Ferro, mel, arroz, feijão e cogumelos ganham novos significados na exposição “A ponta da língua”, da artista visual paulistana Valentina Tedeschi. A mostra entra em cartaz na Casa Fiat de Cultura nesta terça-feira, 28 de julho, e segue até 13 de setembro, com entrada gratuita.
Selecionado pelo 9º Programa de Seleção da Piccola Galleria, o projeto reúne quatro esculturas e uma pintura sobre ferro. As obras, por sua vez, exploram as relações entre gastronomia, corpo, natureza, memória e passagem do tempo.

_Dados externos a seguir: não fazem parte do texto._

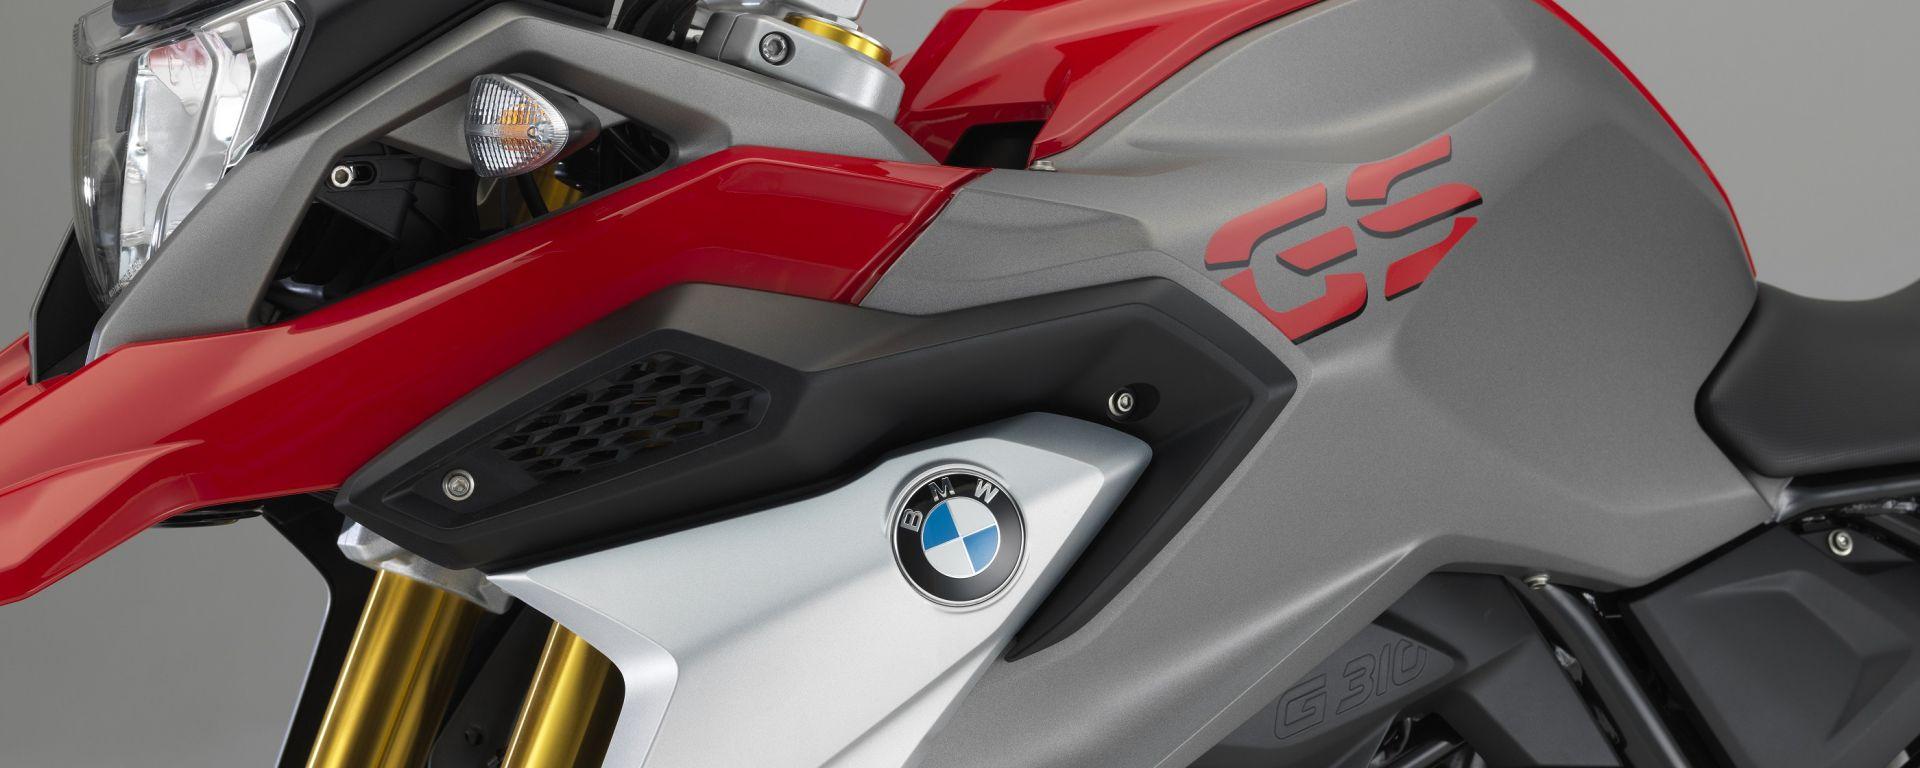 BMW G 310 GS, serbatoio

A pesquisa da artista surgiu de uma herança familiar ligada à alimentação. Avós, pais e outros familiares trabalharam com gastronomia, fazendo da cozinha um espaço de convivência e transmissão de saberes.
Depois de concluir a graduação em Artes Visuais, Valentina viveu e trabalhou em um restaurante na Itália. Nesse período, reconheceu na alimentação o eixo de sua investigação artística. Assim, ingredientes, utensílios e materiais cotidianos passaram a revelar processos de transformação, permanência e deterioração.
O ferro ocupa uma posição central na mostra. Associado às panelas e aos utensílios de cozinha, o material aparece em sua condição bruta. A artista não esconde a ferrugem. Pelo contrário, incorpora a oxidação à construção das imagens e das superfícies.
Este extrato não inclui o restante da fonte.